The Faculties and their Localities.—The system of Gall was constructed by a method of pure empiricism, and his so-called organs were for the most part identified on slender grounds. Having selected the place of a faculty, he examined the heads of his friends and casts of persons with that peculiarity in common, and in them he sought for the distinctive feature of their characteristic trait. Some of his earlier studies were made among low associates, in gaols and in lunatic asylums, and some of the qualities located by him were such as tend to become perverted to crime. These he named after their excessive manifestations, mapping out organs of murder, theft, &c.; but as this cast some discredit on the system the names were changed by Spurzheim, who claimed as his the moral and religious considerations associated with it. Gall marked out on his model of the head the places of twenty-six organs as round enclosures with vacant interspaces. Spurzheim and Combe divided the whole scalp into oblong and conterminous patches (see the accompanying figures). Other methods of division and other names have been suggested by succeeding authors, especially by Cox, Sidney Smith (not Sydney), Toulmin Smith, K. G. Carus of Dresden, Don Mariano Cubi i Solar, W. B. Powell of Kentucky, J. R. Buchanan of Cincinnati, Hittel of New York.
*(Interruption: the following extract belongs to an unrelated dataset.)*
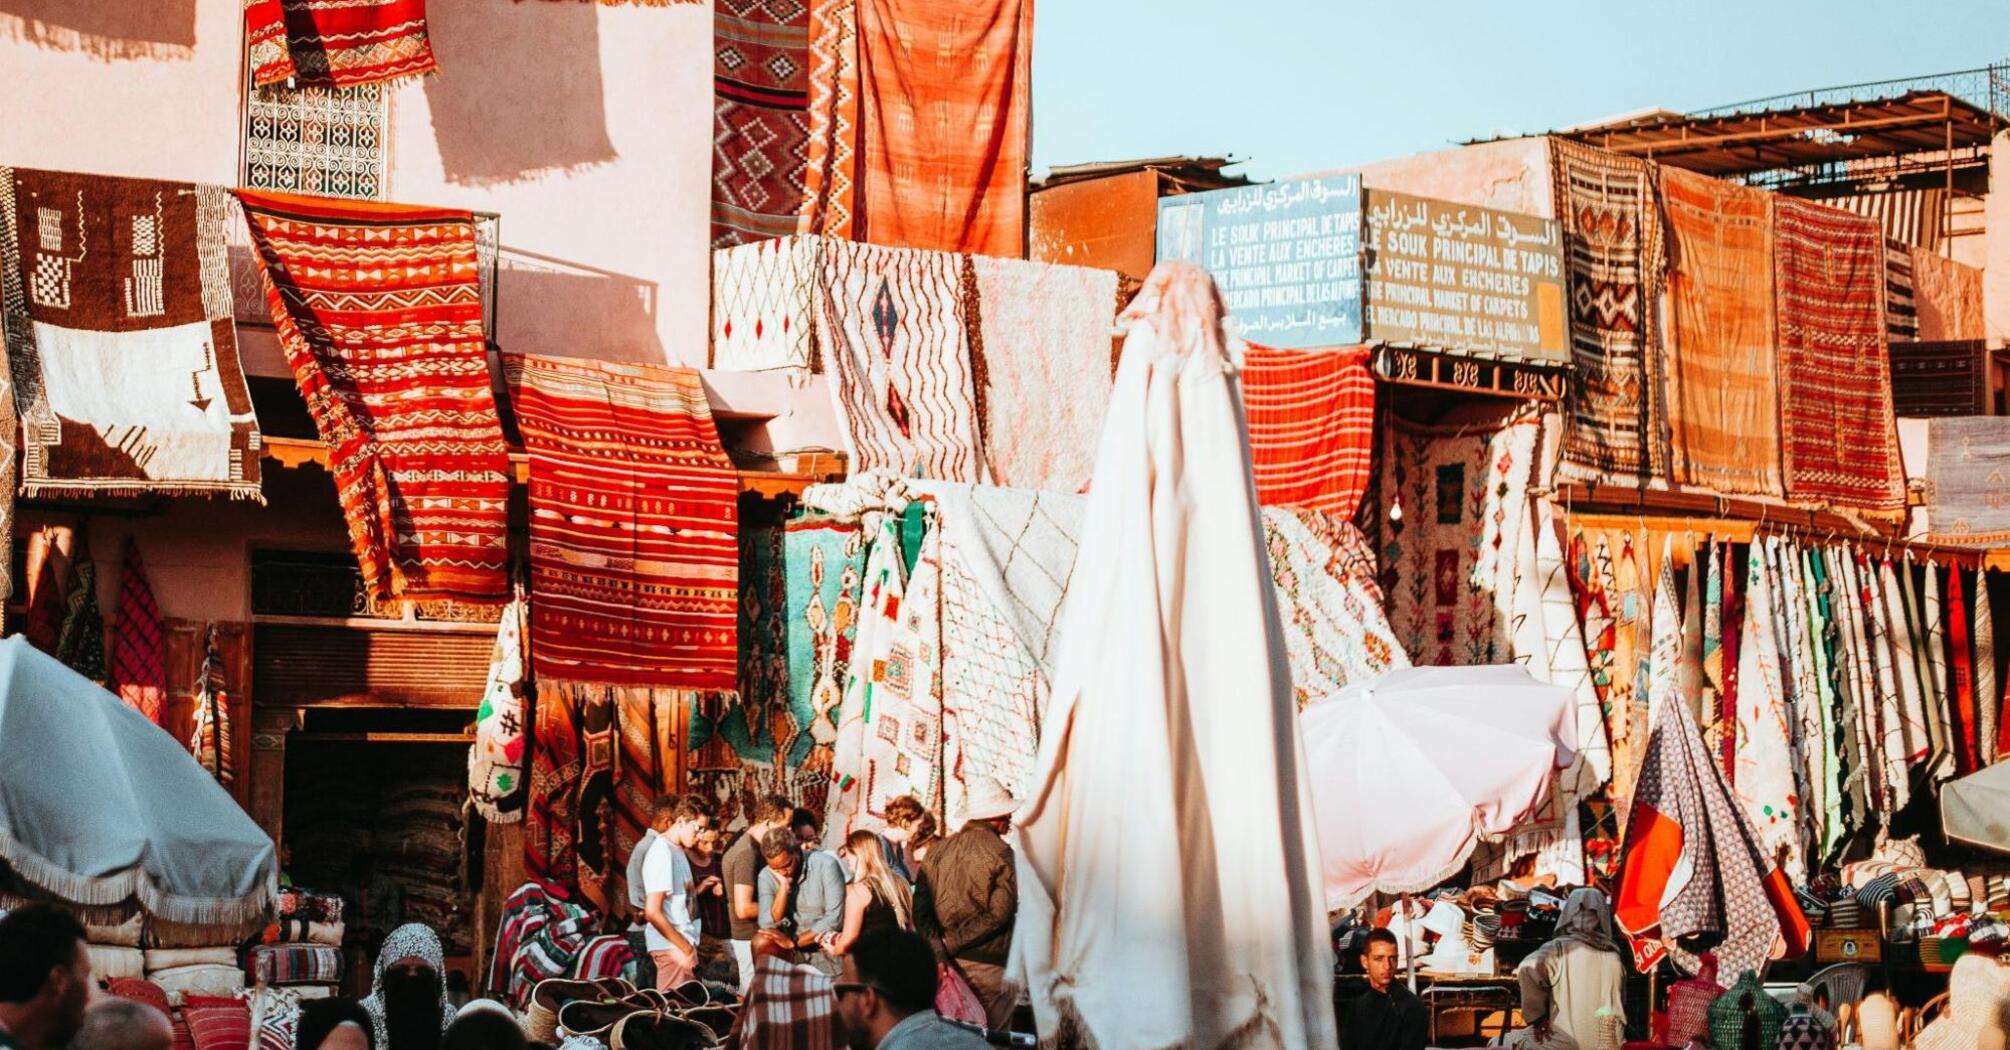 Rug sales in Marrakesh

Some, like the brothers Fowler, raise the number of organs to forty-three; but the system of Spurzheim and Combe is that which has always been most popular in Britain.

Spurzheim separated the component faculties of the human mind into two great groups and subdivided these as follows:—

I.  Feelings, divided into—
1.  Propensities, internal impulses inviting only to certain actions.
2. Sentiments, impulses which prompt to emotion as well as to action.
A.  Lower—those common to man and the lower animals.
B. Higher—those proper to man.
II.  Intellectual faculties.
1.  Perceptive faculties.
2.  Reflective faculties.

In the following list the locality and the circumstances of the first recognition of the organ are appended to the names, which are mostly the inventions of Spurzheim. Gall's names are placed in brackets.[2]

Propensities.

1. Amativeness (Instinct de la génération), median, below the inion; first determined by Gall from its heat in an hysterical widow, supposed to be confirmed by many observations, and referred to the cerebellum.[3]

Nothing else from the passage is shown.